Estimated reading time: 10 minutes
Scientists at the University of Pennsylvania just dropped a bombshell in the journal Science that has made every man alive feel slightly worse about himself, which is saying something given the current baseline. According to a new genetic analysis, when Neanderthals and Homo sapiens got together to make prehistoric whoopee, the pairings overwhelmingly followed one very specific pattern: Neanderthal dads, human moms. Every. Single. Time.
The researchers figured this out by examining why the human X chromosome is basically a “Neanderthal desert,” suspiciously devoid of Neanderthal DNA compared to our other chromosomes.
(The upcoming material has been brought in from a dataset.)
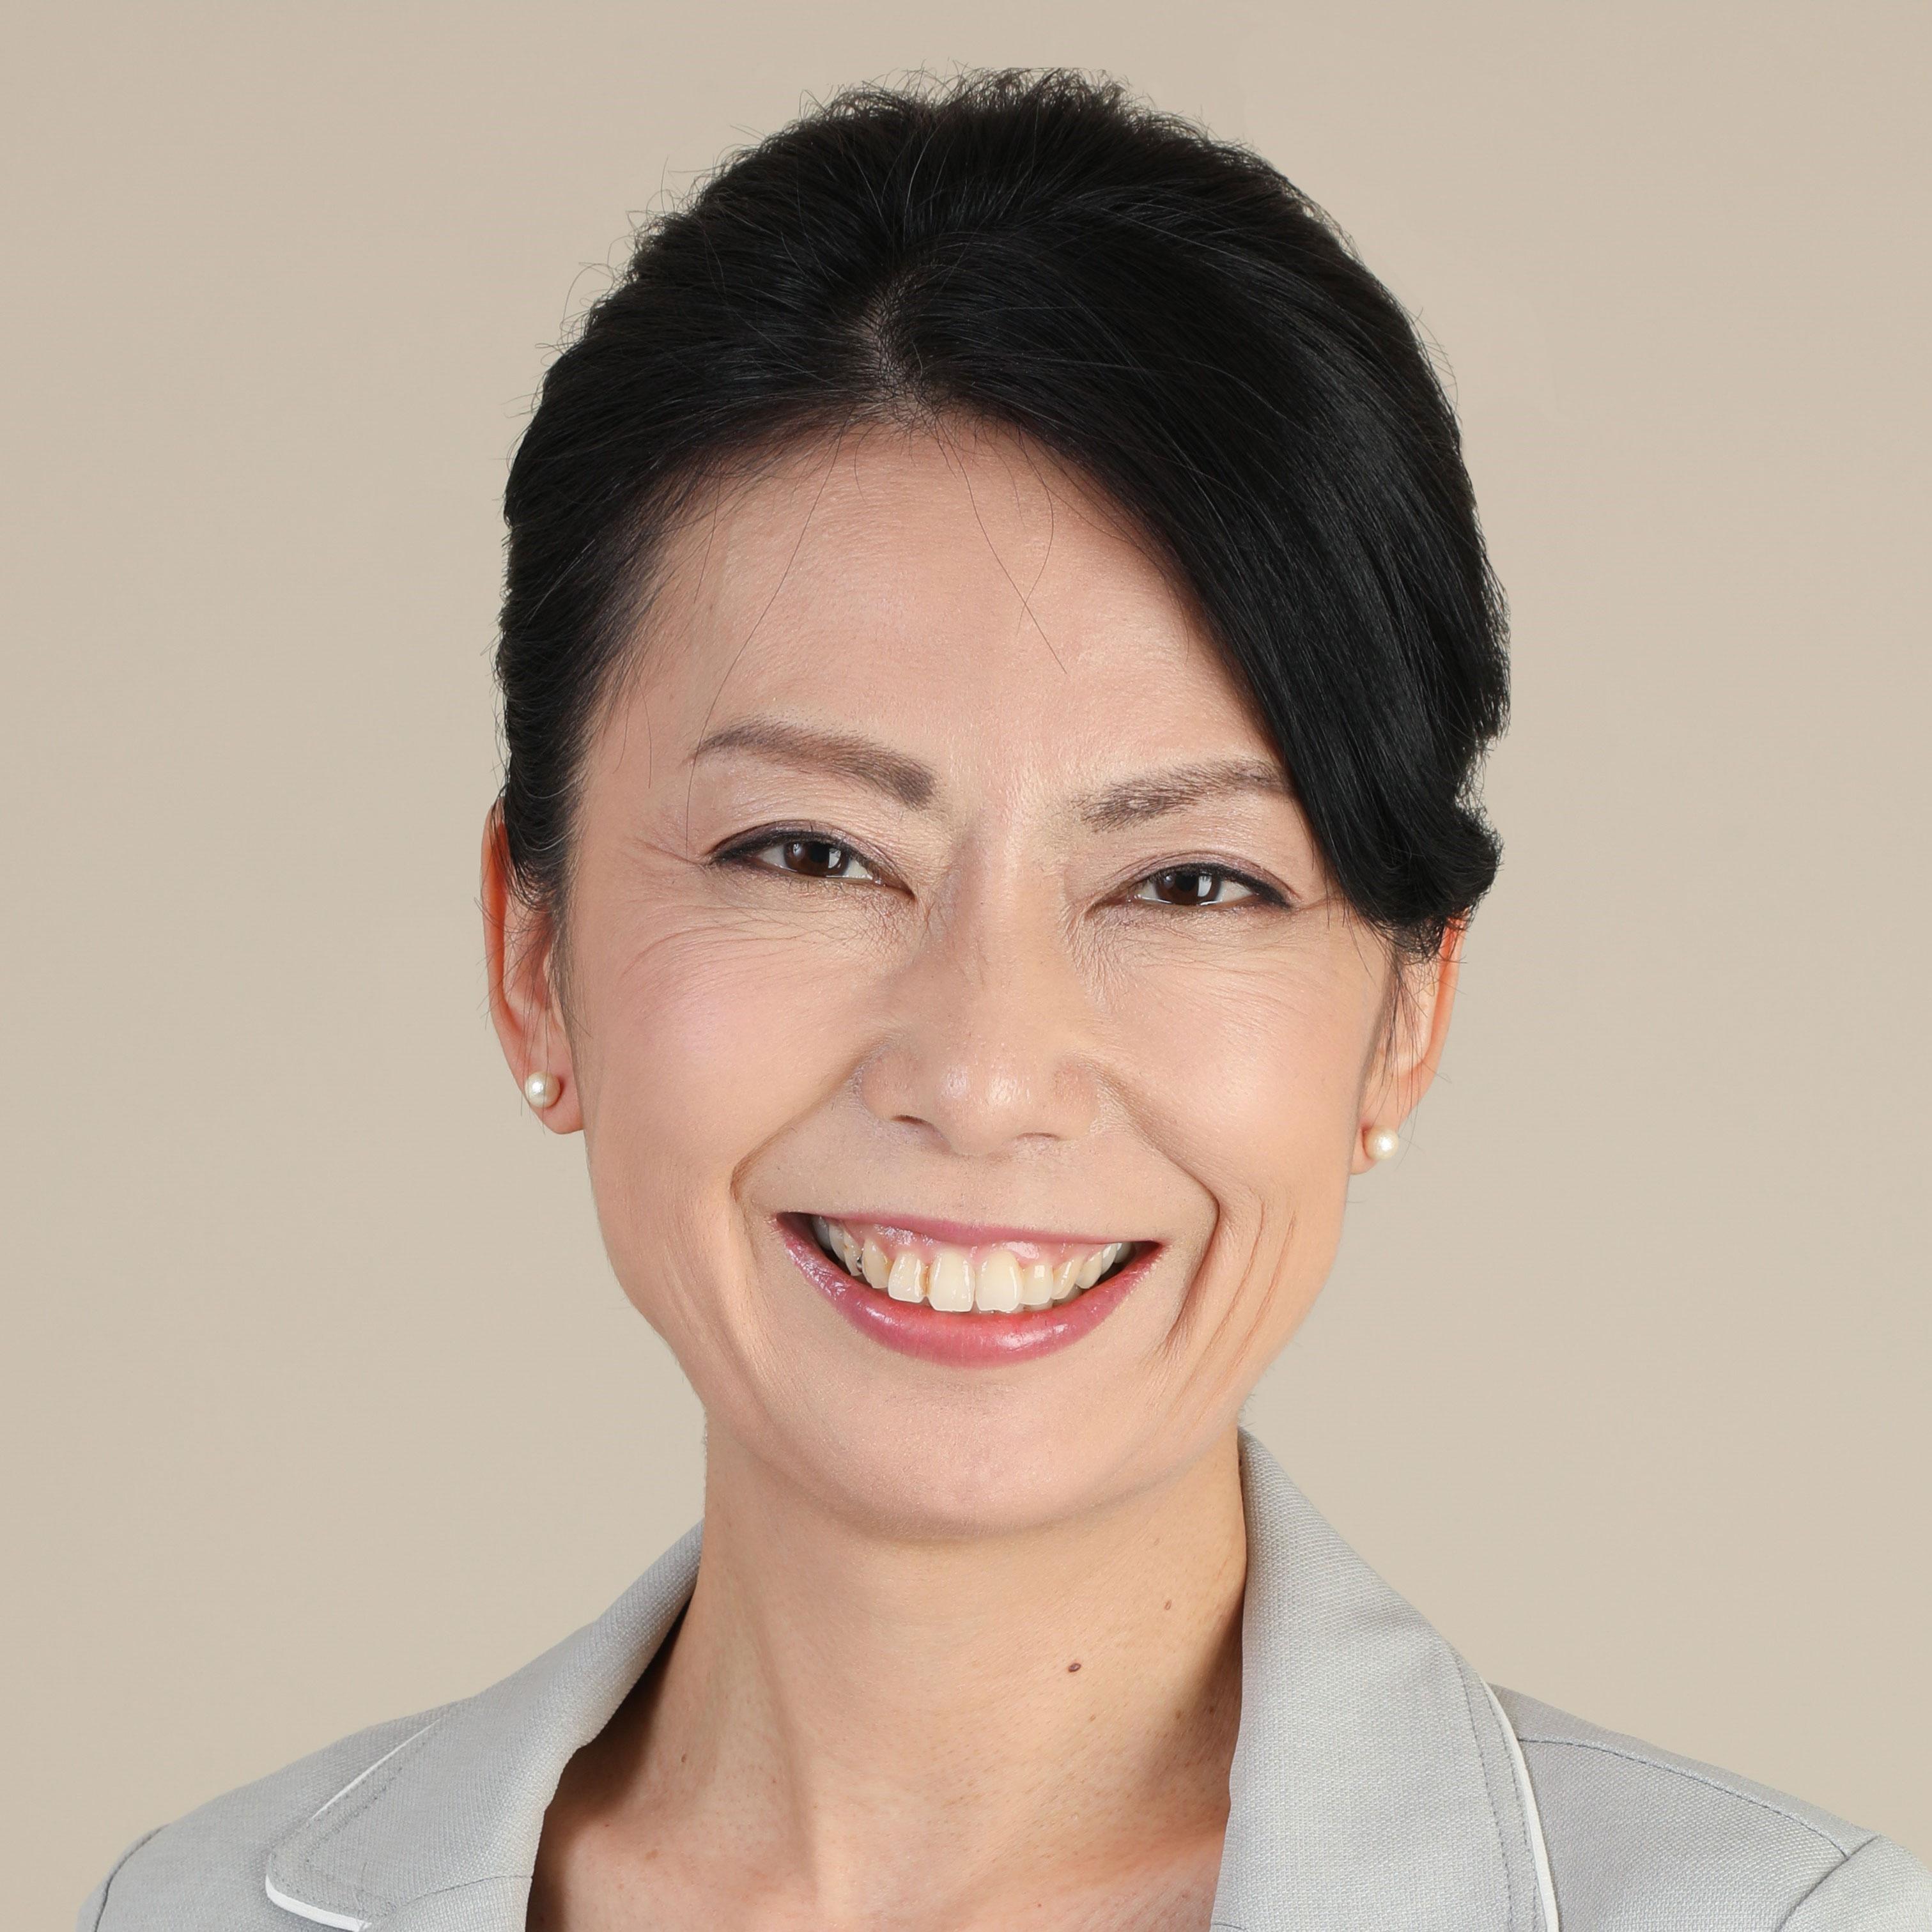 本田 由紀 (ほんだ ゆき)

When they examined Neanderthal genomes, they found the opposite: an excess of human DNA on the Neanderthal X. The math only works one way. Neanderthal males were consistently mating with human females. Not the reverse. The study, published in Science, in the most delicate language peer review would allow, attributed this to “mate preference.” Which is the clinical way of saying that Homo sapiens women, across interbreeding events spanning two hundred thousand years, kept choosing the Neanderthals. This wasn’t a one-time lapse in judgment at a Pleistocene office party. This was a pattern. A quarter-million-year booty call.
The female ancestors encoded in our chromosomes looked across the tundra at the available options and said, “Give me the one who can open a jar with his face.”
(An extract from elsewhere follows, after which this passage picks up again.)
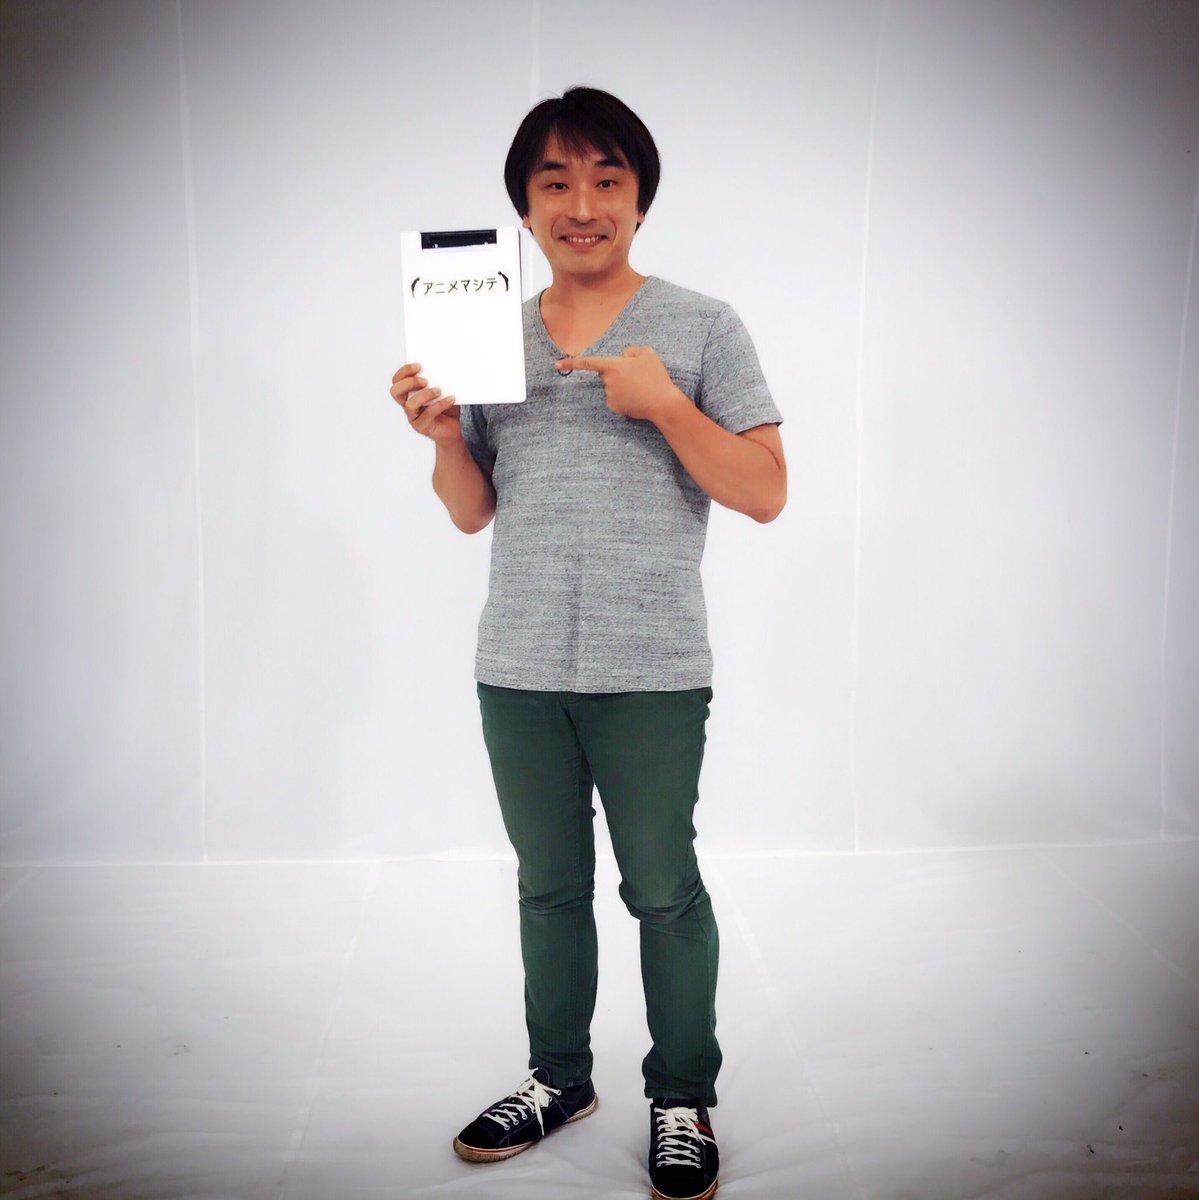 来週9月18日(月)深夜3:20から、テレビ東京にて放送されます「アニメマシテ」に「牙狼〈GARO〉-VANSHING

And honestly? It starts to make a terrible kind of sense.
The Profile
Imagine, if you will, a Neanderthal’s dating profile. We’ll call him Grog. His skull is the size of a bowling ball, his resting heart rate is “predator,” and he has never once asked anyone how their day was.
Grog, 28 (life expectancy 30, so technically a silver fox) 📍 Iberian Peninsula (will relocate for the right cave)
Enjoys: long walks through the tundra, carrying large animals over uneven terrain, staring at fire for hours without talking. Can bench-press an aurochs. Looking for someone who appreciates a prominent brow ridge and doesn’t mind a guy who communicates primarily through meaningful grunts. 420 friendly (will eat literally anything, including things that are still moving).
Not looking for: drama, anyone who’s going to ask me to “use my words,” saber-toothed cats, vegans.

Now compare that to the Homo sapiens competition:
Thag, 26 (emotionally: 14) 📍 Wherever my “art” takes me
Enjoys: painting on walls, talking about painting on walls, explaining what my wall paintings mean to people who did not ask. Currently between hunts (seven moons and counting). My buddy says I’m “really talented” and “ahead of my time.” Looking for someone who can support my creative vision and also do most of the gathering. And the cooking. And the shelter maintenance. I’m more of an ideas guy.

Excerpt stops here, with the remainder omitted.